After walking around for a while, I decided to actually find a cheap place within the market that sold butter… Little did I know I was about for find the best find of the day! I found a small shop that sold butter for 10 yuan (about $1.50) per pound! I’ve been paying about 20 yuan for a 1/4 of the butter! Needless to say, I bought a bag of butter weighing in at 2lbs… 20 yuan for 4x the butter… AMAZING! I will definitely be going back!

Moral of the story: Learn your markets! Know them!

Consistency

Transitions… I know I talk about this topic a lot, especially on this blog, but I find myself reflecting transition quite frequently.

Today I found myself sitting on an airport shuttle bus heading back to the city after seeing off a good friend, and as I sat there, I became overwhelmed. Something within me wanted to reject what had just happened and deny that I wouldn’t see her for a little while; it was all too surreal. Overcome with emotion, I realized that I don’t handle change well and how unfortunate it is that my life is seems to be surrounded by ever continuing changes.

Many will joke and say “the only thing consistent in my life is change and God,” but quite frankly, this is my reality.

Don’t get me wrong, I’m not bashing change. I’m actually appreciative of it. Without change I wouldn’t grow, I wouldn’t have met my sweet Prince, and I would have missed out on so many opportunities. Change is quite essential.

As I thought about all of the changes that I’ve gone through, I think what I have concluded is that I wish some of the changes would hurt a little bit less.

Shenti Hao

As I was walking down the street, I saw a cart of mangoes up ahead.  It had been a long time since I had eaten a mango and so I couldn’t resist stopping to pick one up. As I handed the fruit seller my cash, he turned to me and grabbed with a firm grip my arm fat. Alarmed, I looked at my arm and back at him. He then bellowed “SHENTI HAO!,” which translates into “healthy.” In my mind I kept thinking, ‘sir, can you please let go of my arm fat? That would be great,’ but not wanted to offend him, I simply waited for him to let go, smiled, and then went on my way.

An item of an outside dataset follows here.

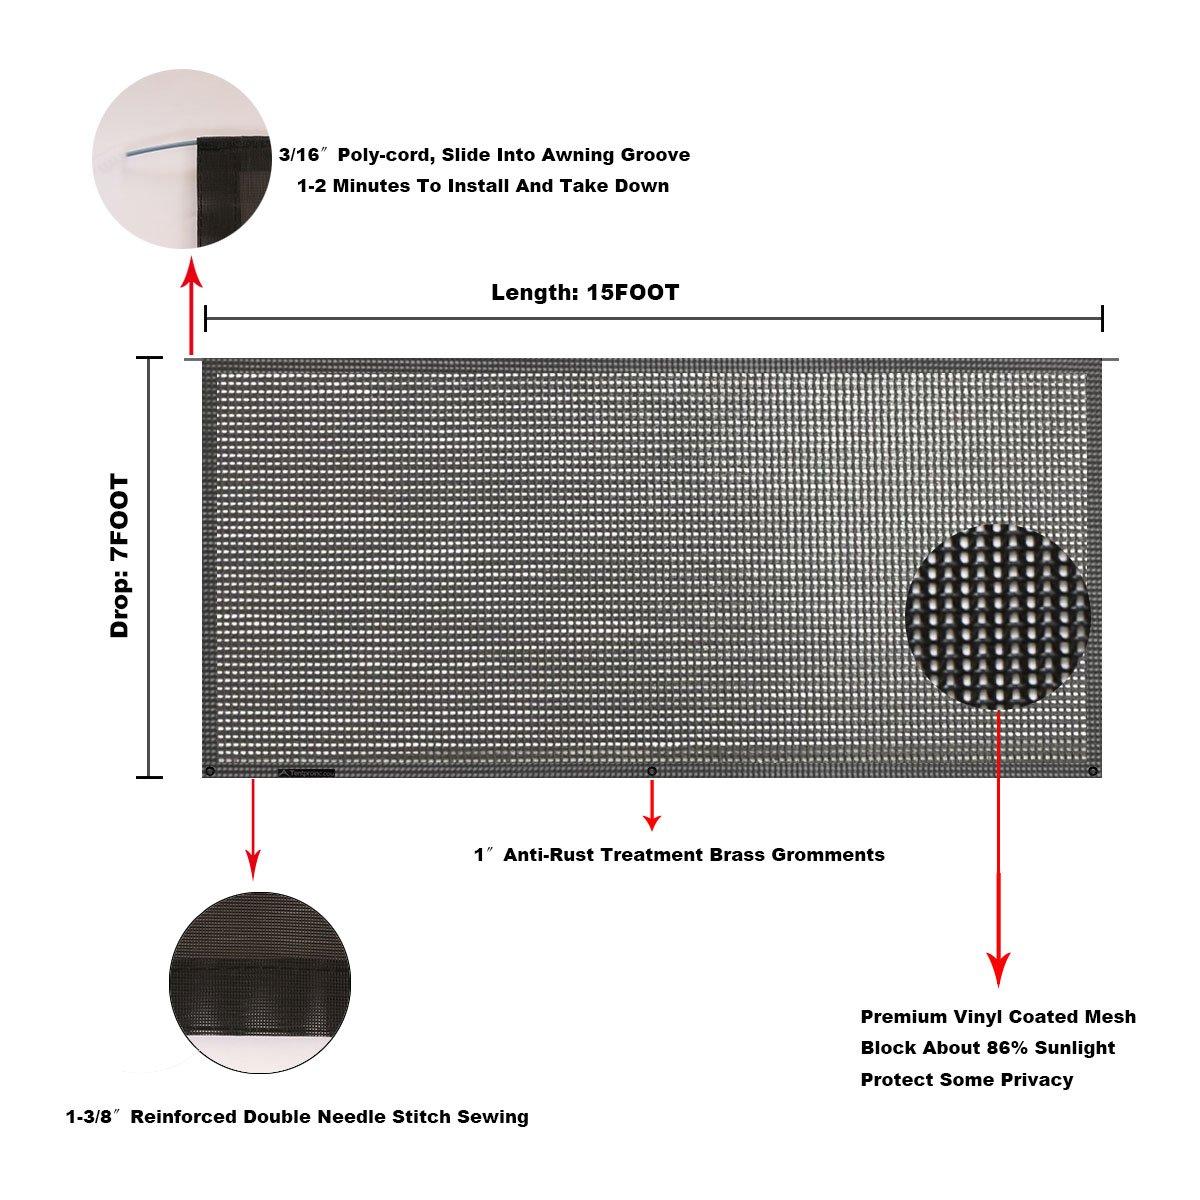 Tentproinc RV Awning Shade Screen 7X19 Gift Blue Sunshade Camping Trailer UV Sun Blocker Complete Kits 3 Years Limited Warranty

It’s funny the cultural differences between the US and China. In America, if you pulled a move like that, you would likely be verbally ripped apart or even worse, physically attacked. But here, what he did wasn’t “offense.” Instead it was actually a complement (strange, I know…). In the older generations here in China, the belief is that if you have more meat on your bones, you’re healthier. So the fruit man was not attacking me but was rather observing how healthy I am.

Fortunately for the fruit selling man, I already understand this cultural difference and am not offended by such actions. However, I hope the next American he grabs has that same understanding or things could potentially get ugly…

oh cultural differences…

A New City, A New Life

Before moving over to this side of the world, I had to make a fairly difficult decision. The two years I spent here prior, I lived in the city of Chengdu. Oh how I love that city! But I felt a guiding by my sweet Prince to explore another option; a different city.

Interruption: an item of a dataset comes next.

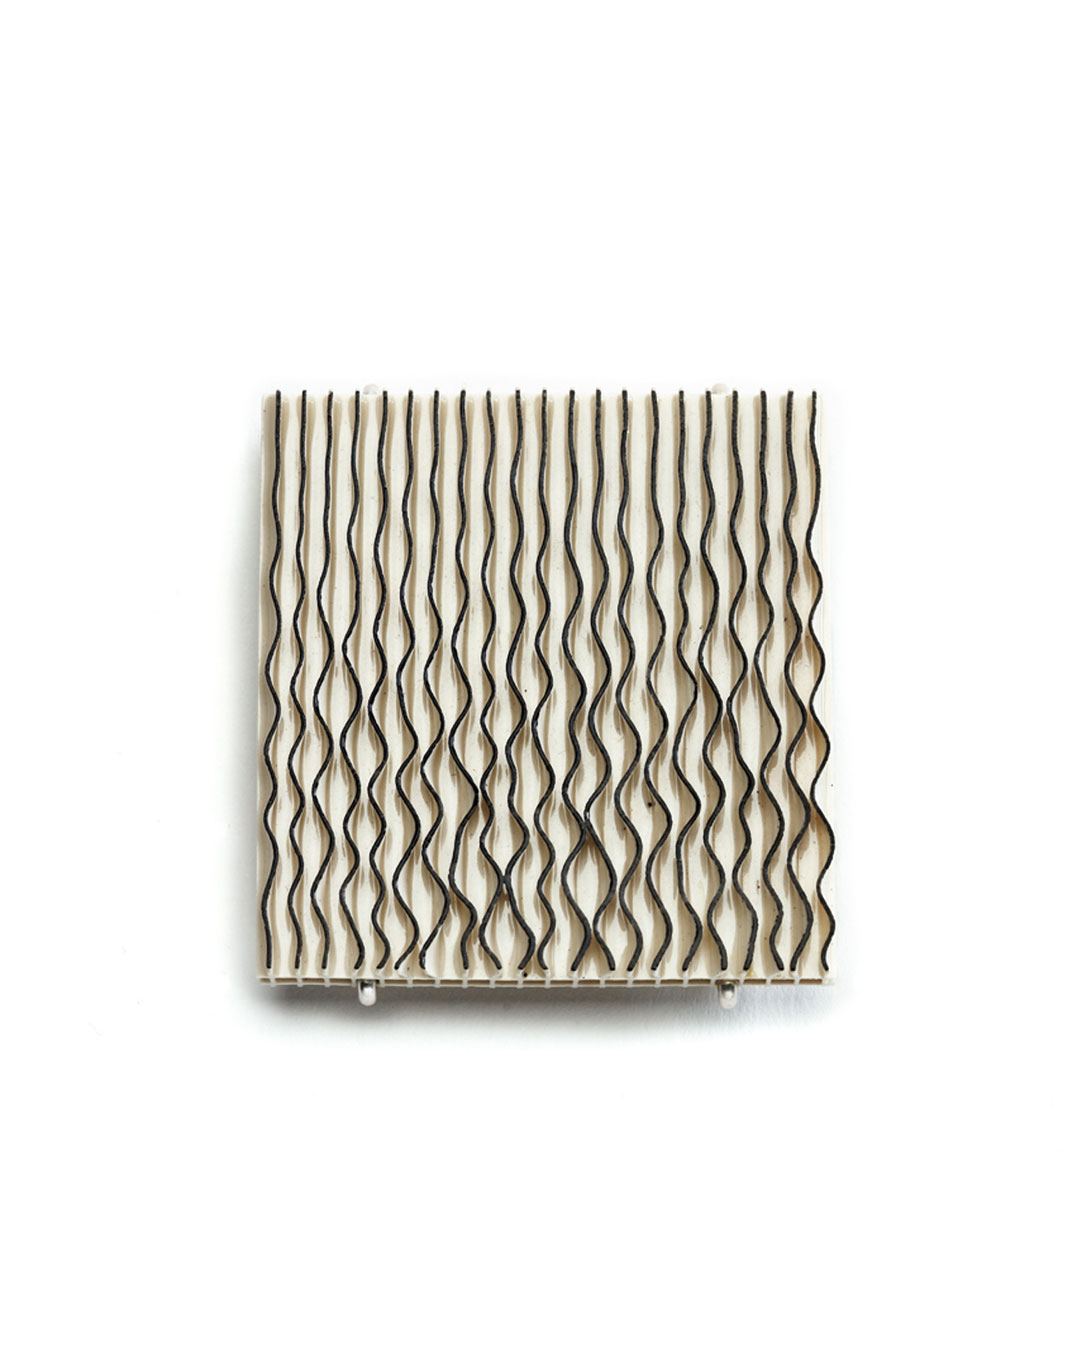 Silke Trekel, Strömung (Current), 2017, brooch; porcelain, silver, 57 x 54 x 7 mm, €920

After much thought, I made my choice. Now I’m living in a new city, famous for its Terracotta Warriors; a city so rich in history.

During my first few weeks, it was a hard transition as I sought to find a place to live, new friends, and essentially start over again. But as weeks have passed I’ve grown more accustomed to this area; I feel more at peace about my decision to move here. I have a wonderful apartment, have started making friends, and can finally admit that this will be my home for the next year.